В 2017 году «Казатомпром» увеличил свою долю в СП «Инкай» с канадской Cameco с 40% до 60%33 — этот шаг тоже был связан с пересмотром обязательств партнера по содействию в вертикальной интеграции «Казатомпрома»34. Согласно заключенной в 2007 году сделке о создании совместного предприятия, Cameco брала на себя обязательство приобрести 49% акций конверсионного завода, который было необходимо построить на территории Ульбинского металлургического завода, принадлежащего «Казатомпрому».

Перед Казахстаном открывалась перспектива использования канадских инвестиций и технологий для проникновения в еще один сегмент цепочки поставок ядерного топлива, однако позднее Cameco отказалась от этих планов, ссылаясь на рыночные обстоятельства35, и предложила передачу технологий вместе с доступом к канадским производственным мощностям. В результате Ульбинское совместное предприятие было упразднено в 2019 году36. Хотя позднее Cameco передала Казахстану свои технологии переработки и конверсии урана, в соответствии с пересмотренными условиями ее доля в производстве урана на Инкае осталась на уровне 40%37.

Как и в случае с другими иностранными компаниями, для CGN доступ к урану с самого начала был увязан с готовностью содействовать вертикальной интеграции «Казатомпрома». Например, в основе соглашений, заключенных двумя компаниями в 2006 и 2007 годах, лежал принцип взаимной выгоды: китайцы получали доступ к ресурсам, а казахстанцы переходили к производству топливных таблеток и топливных сборок38.

Согласно условиям сделки, «весь природный уран, производимый казахстанско-китайскими совместными предприятиями, будет поставляться в Китай в виде продуктов ядерного топлива с высокой добавленной стоимостью»39. Соответственно, «Казатомпром» дал разрешение принадлежащему ему Ульбинскому заводу на производство урановых топливных таблеток для китайских коммерческих АЭС40. Эти договоренности действуют и по сей день41. Весь уран, производимый СП «Семизбай», конвертируется и обогащается в Китае перед отправкой в Ульбу, где из него изготавливают топливные таблетки, которые затем вывозятся в КНР42. Такая цепочка обеспечивает «Казатомпрому» доступ на огромный китайский рынок ядерного топлива и приносит ему прибыль не только от поставок дешевого сырья, но и от производства топлива с высокой добавленной стоимостью.
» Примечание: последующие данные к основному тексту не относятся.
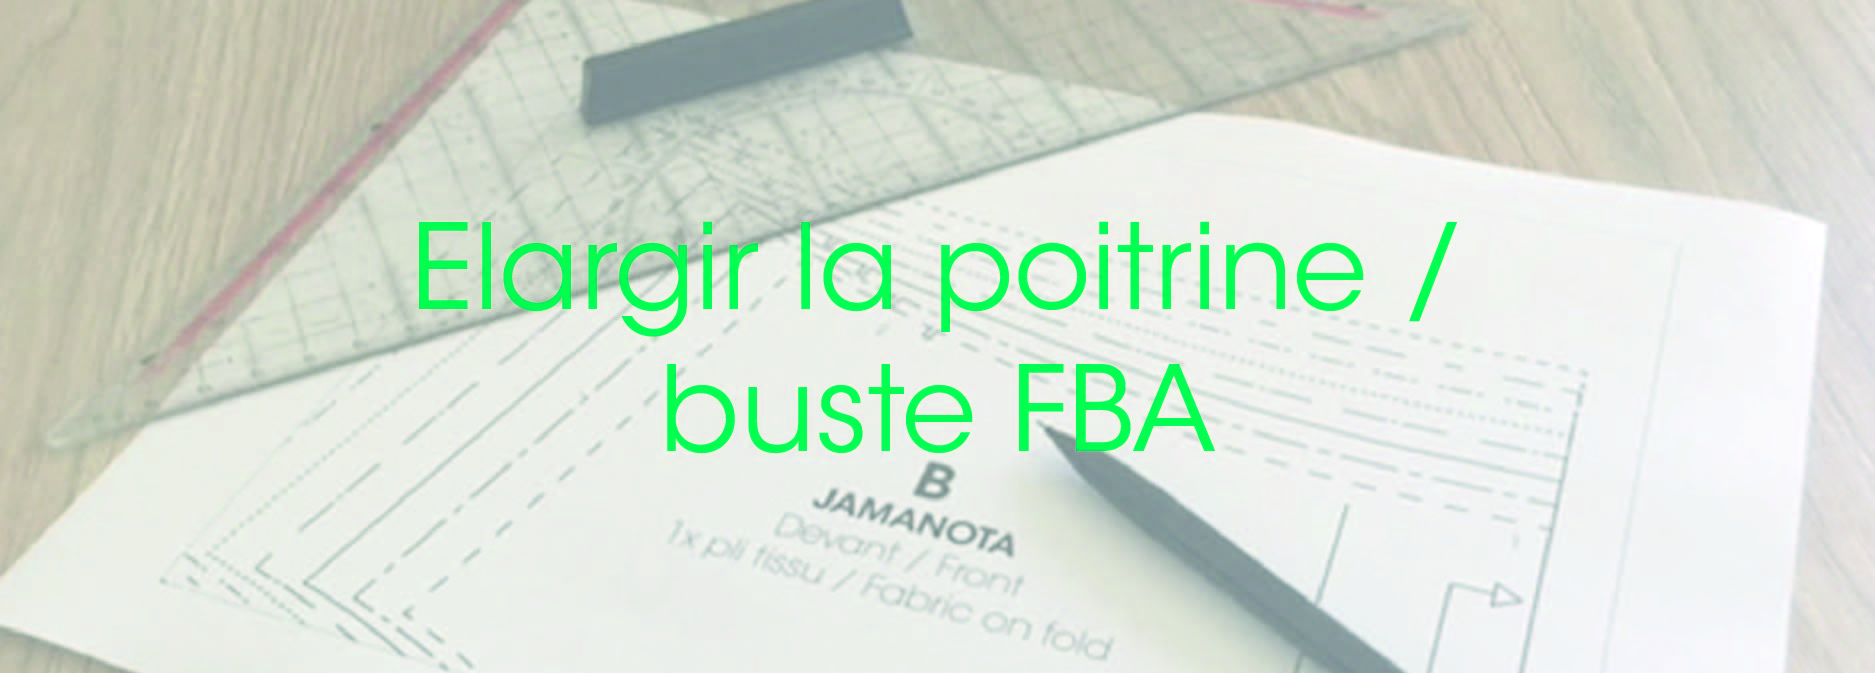 Modélisme_Comment_élargir_la_poitrine_buste_FBA

В конце 2000-х годов «Казатомпром» также заключил амбициозные соглашения о сотрудничестве с компанией Westinghouse, тогда принадлежавшей японскому владельцу43, и французской Areva — по созданию производства топливных сборок в Ульбе, сделав еще один шаг вперед от производства топливных таблеток44. Однако, поскольку в 2011 году Япония закрыла свои АЭС после аварии на «Фукусиме», а проекты Westinghouse по разработке реакторов оказались слишком затратными, компания обанкротилась, и рынки, которые эти соглашения сулили открыть, были утрачены45. Аналогичным образом к 2014 году были приостановлены планы строительства совместного с Areva завода по производству топливных сборок из-за «отсутствия гарантированного рынка». CGN не могла не использовать такой шанс.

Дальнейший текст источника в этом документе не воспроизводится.